I just want to fit the experimental data to a system of odes' by using NonlinearModelFit. The data, contains time in the first column and product concentration in the second. The model contains 4 species, species p1[t] is the one I want to fit the data to.

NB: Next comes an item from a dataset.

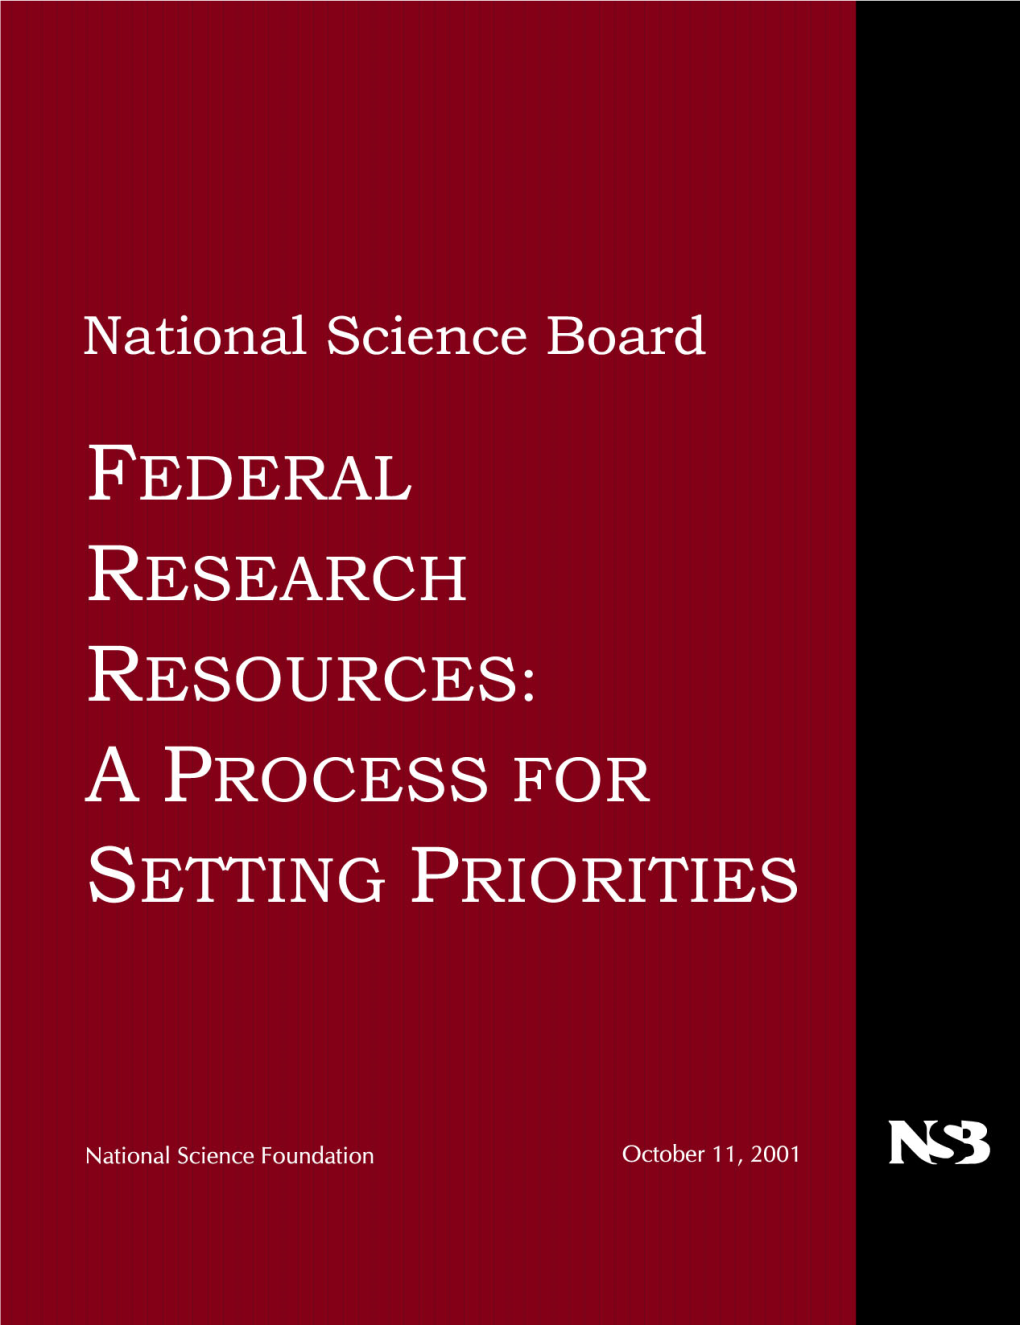 Federal Research Resources: a Process for Setting Priorities

data = {{18.283, 0.0003365}, {39.415, 0.0003892}, {60.547, 
    0.00045}, {81.679, 0.0005631}, {102.811, 0.0006446}, {123.943, 
    0.0006756}, {145.075, 0.0007655}, {166.207, 0.0008306}, {187.339, 
    0.0008814}, {208.471, 0.000896}, {229.603, 0.0009816}, {250.735, 
    0.0011191}, {271.867, 0.0010797}, {292.999, 0.0011473}, {314.131, 
    0.0012265}, {335.263, 0.0013187}, {356.395, 0.0012809}, {377.527, 
    0.0013523}, {398.659, 0.0013841}, {419.791, 0.0014507}, {440.923, 
    0.0014885}, {462.055, 0.0014898}, {483.187, 0.0015491}, {504.319, 
    0.0015838}, {525.451, 0.0015651}, {546.583, 0.0015903}, {567.715, 
    0.0016328}, {588.847, 0.0016423}, {609.979, 0.0016149}, {631.111, 
    0.0016508}, {652.243, 0.0016296}, {673.375, 0.0016465}, {694.507, 
    0.0016776}, {715.639, 0.0016668}, {736.771, 0.0016685}, {757.903, 
    0.0016967}, {779.035, 0.001717}, {800.167, 0.0016997}, {821.299, 
    0.001721}};
tmax = Max[data[[All, 1]]];
e0 == 0.0002;
k21 == 0.001;
kh == 0.0001;
model = ParametricNDSolveValue[{s'[
      t] == -16  s[t] (0.0002 - x1[t] - x2[t]) + k21 x1[t] - kh  s[t],
    x1'[t] == 16  s[t] (0.0002 - x1[t] - x2[t]) - (k21 + k2) x1[t],
    x2'[t] == k2 x1[t] - k3 x2[t],
    p1'[t] == k2 x1[t] + kh s[t],
    s[0] == 0.002, x1[0] == 0, x2[0] == 0, p1[0] == 0}, 
   p1, {t, 0, tmax}, {k2, k3}];
fit = NonlinearModelFit[data, 
  model[k2, k3][t], {{k2, 0.4}, {k3, 0.7}}, {t, 0, tmax}]
plotfit = Plot[fit[t], {t, 0, tmax}, PlotRange -> {0, 0.0021}];
plotdata = ListPlot[data, PlotStyle -> PointSize[0.01]];
Show[plotfit, plotdata]

When I run the code, it produces a lot of messages:

NDSolve::deqn: Equation or list of equations expected instead of True in the first argument
General::ivar: 0 is not a valid variable.
ParametricNDSolve::dsvar: 0.016777965285714284` cannot be used as a variable.
General::ivar: 0.016777965285714284` is not a valid variable.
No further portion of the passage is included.